YOUR OBJECTIVE | Skipping all images, output the listing word for word.
GIVEN INFORMATION START
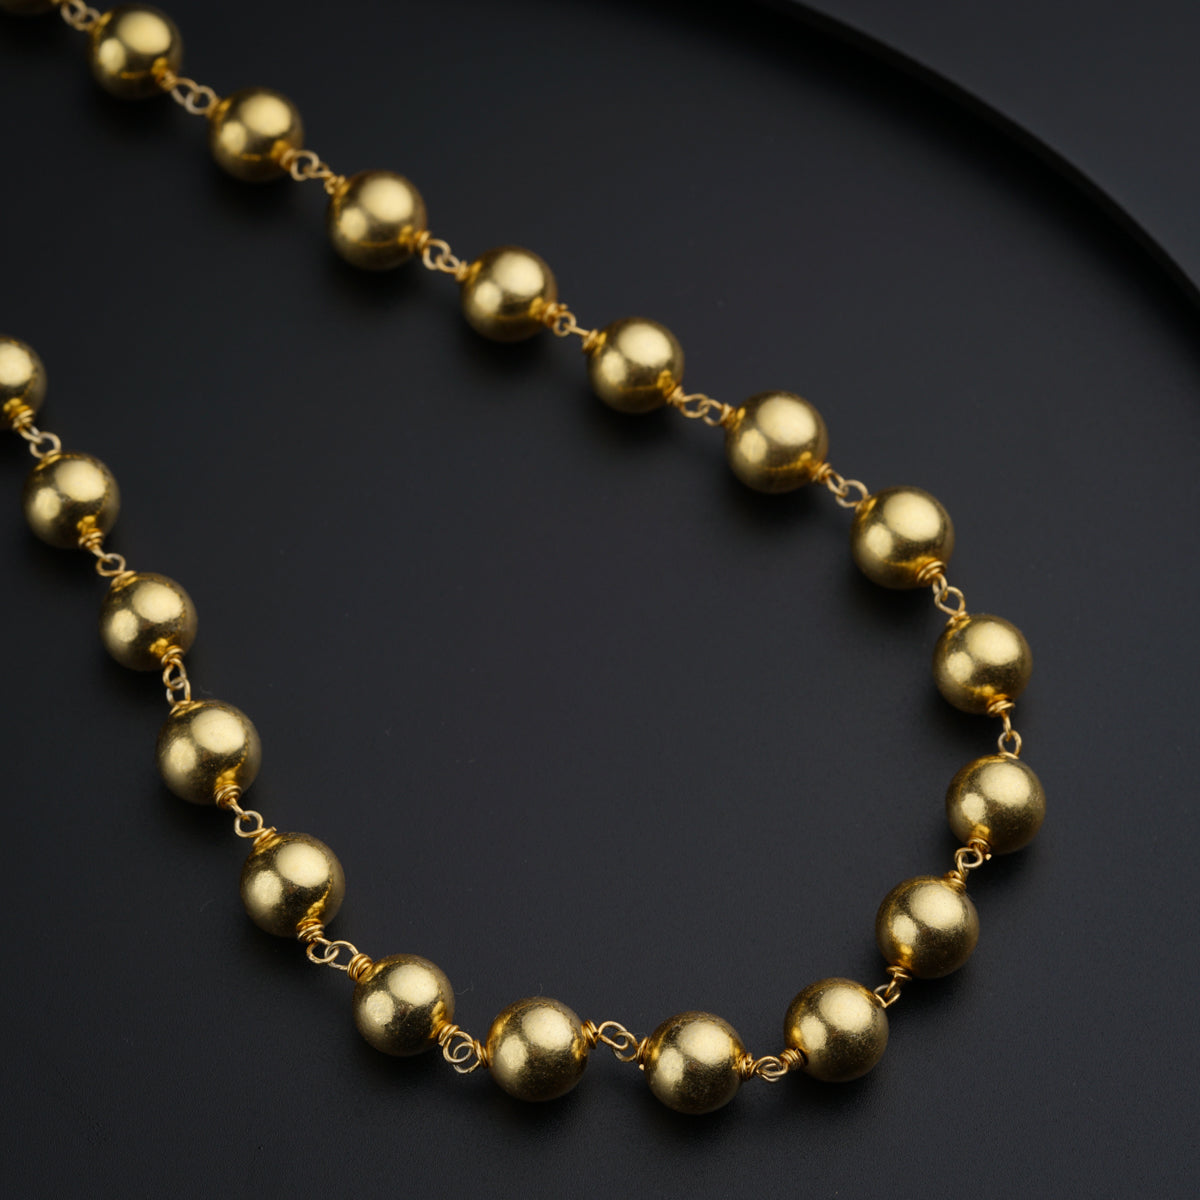 a gold beaded necklace on a black surface
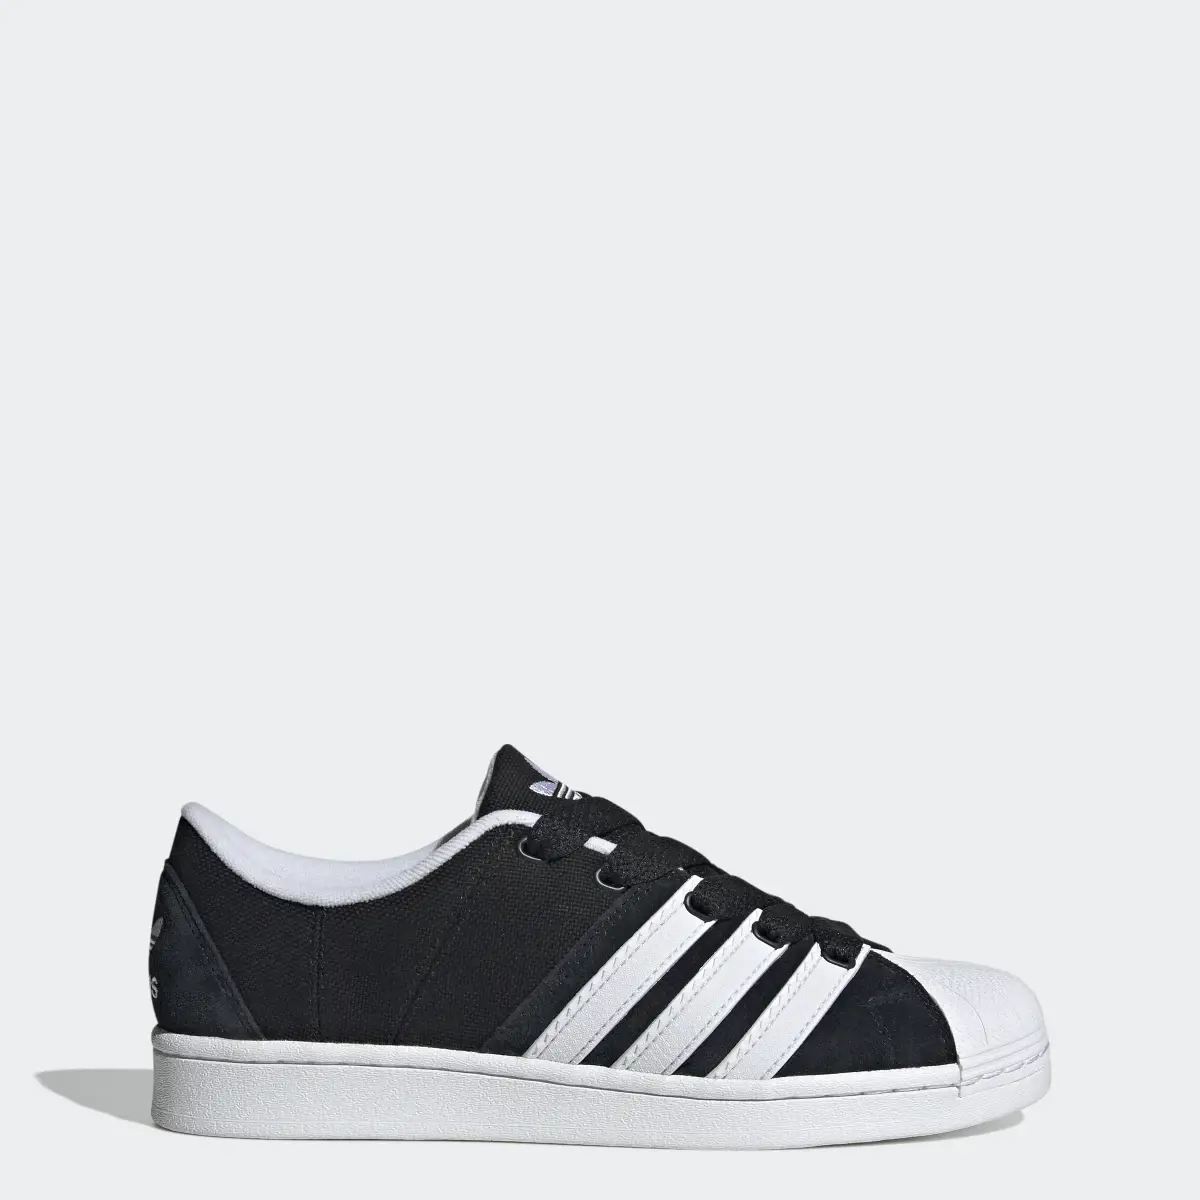 Adidas Superstar Supermodified Shoes. 1
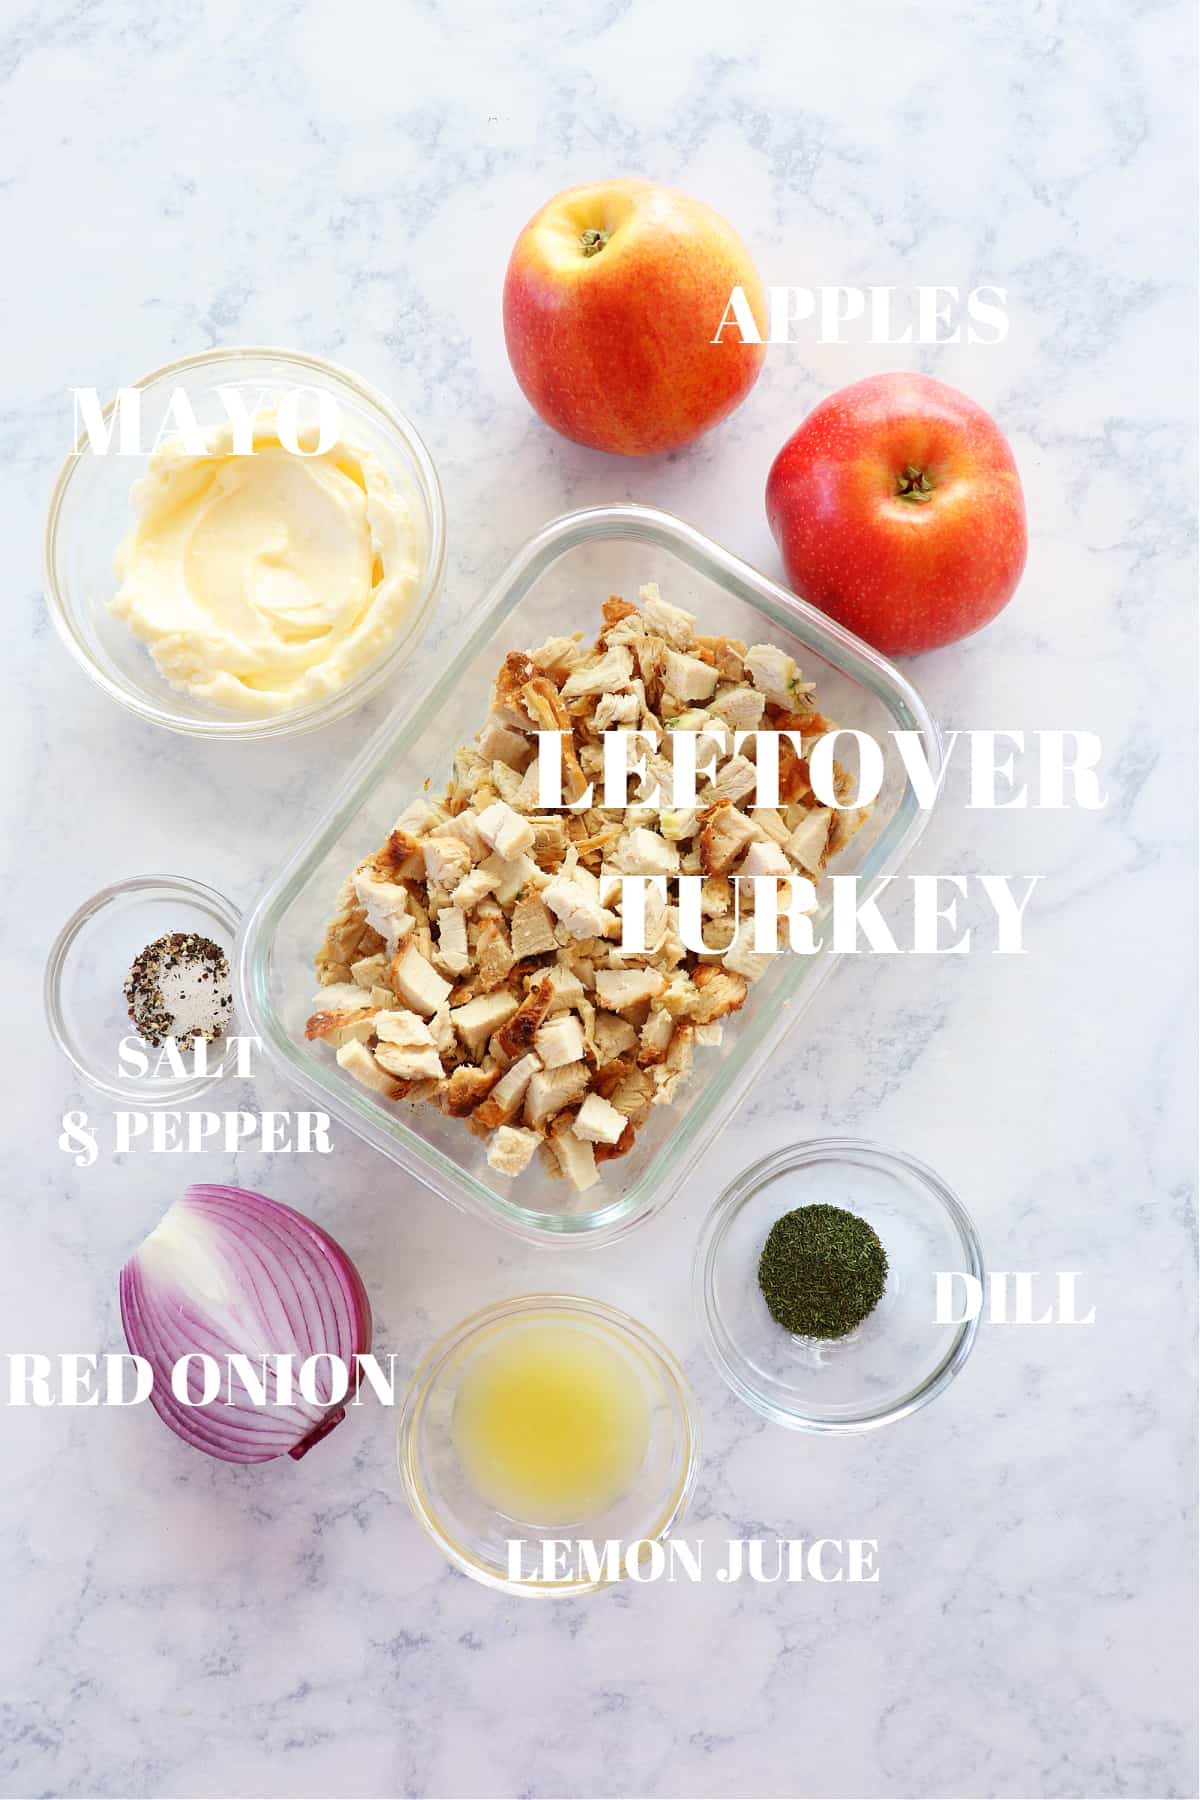 Ingredients for turkey salad on a board.
GIVEN INFORMATION END
TASK RESULT |
 a gold beaded necklace on a black surface
 Adidas Superstar Supermodified Shoes. 1
 Ingredients for turkey salad on a board.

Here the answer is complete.